So the first thing we need to do in this script is to define the domain we are going to work with and the name of the GPO we want to create, then instantiate the COM object, Connect to the Domain, then create the GPO with the Display name you defined earlier.

$domainName="Philtest.PRI"

$gpmName="GPO 1"

$gpm = New-Object -ComObject GPMgmt.GPM

$gpmConstants = $gpm.GetConstants()

$gpmDomain = $gpm.GetDomain("$domainName", "", $gpmConstants.UseAnyDC)

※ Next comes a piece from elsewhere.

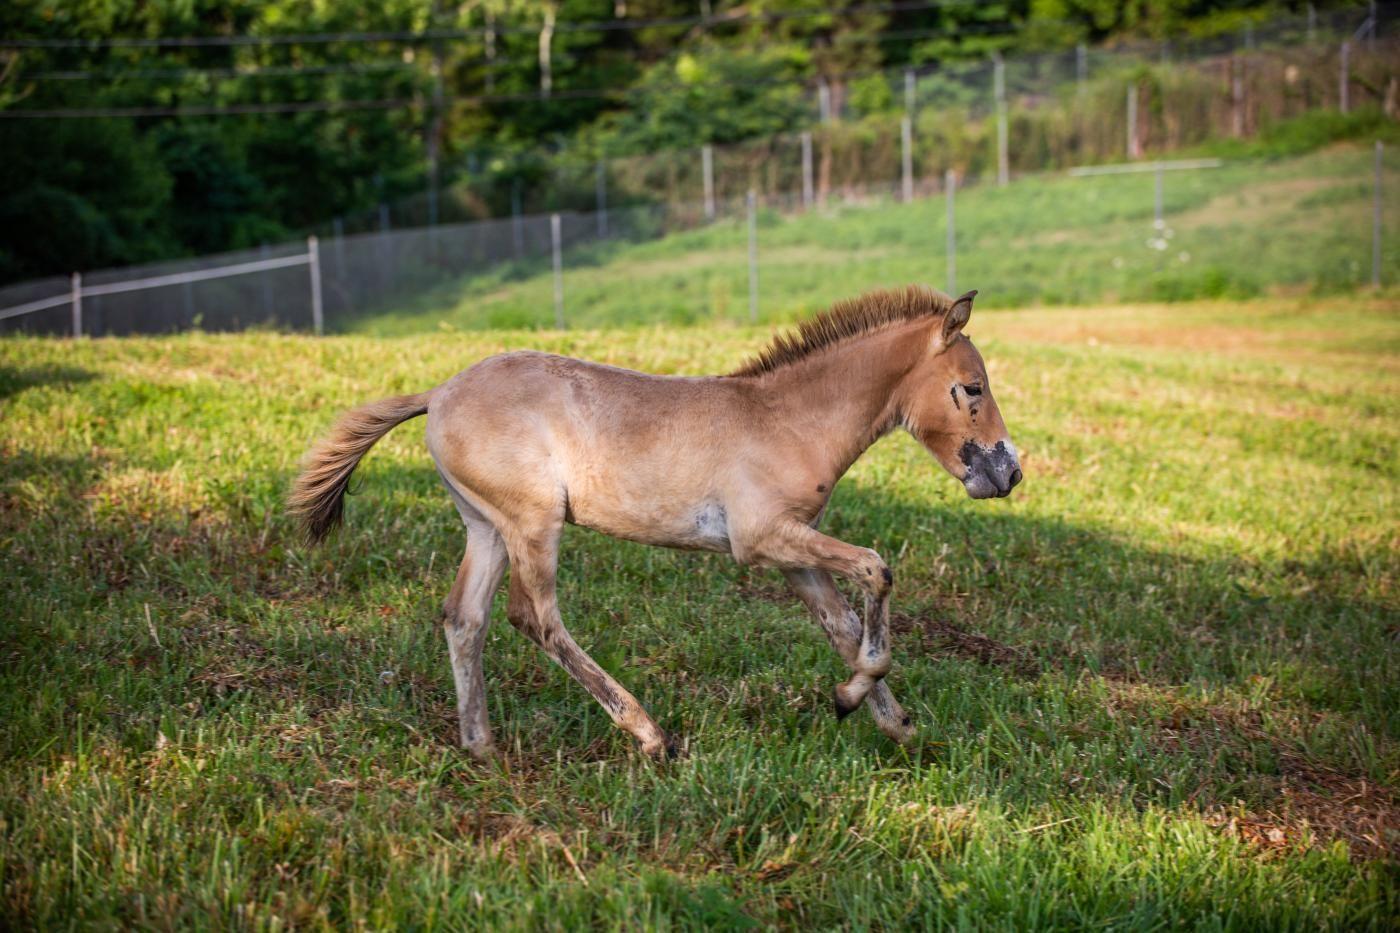 Steppenhoof, an endangered Przewalski's horse colt at the Smithsonian Conservation Biology Institute

$gpmGpo = $gpmDomain.CreateGPO()

$gpmGpo.DisplayName = "$gpmName"

So this is a useful way of starting the script, but what if you want to create a number of GPOs defined in a text file? Actually it is pretty straight forward you can create a text file that lists the GPOs on separate lines:-

GPO 1

GPO 2

GPO 3

GPO4

So from here you need to add some elements to the script to connect to this text file and retrieve the GPO names:-

$aryText = Get-Content -Path "c:\PSScripts\GPOs.txt"

forEach ($aryElement in $aryText)

{

$gpm = New-Object -ComObject GPMgmt.GPM

$gpmConstants = $gpm.GetConstants()

$gpmDomain = $gpm.GetDomain("$domainName", "", $gpmConstants.UseAnyDC)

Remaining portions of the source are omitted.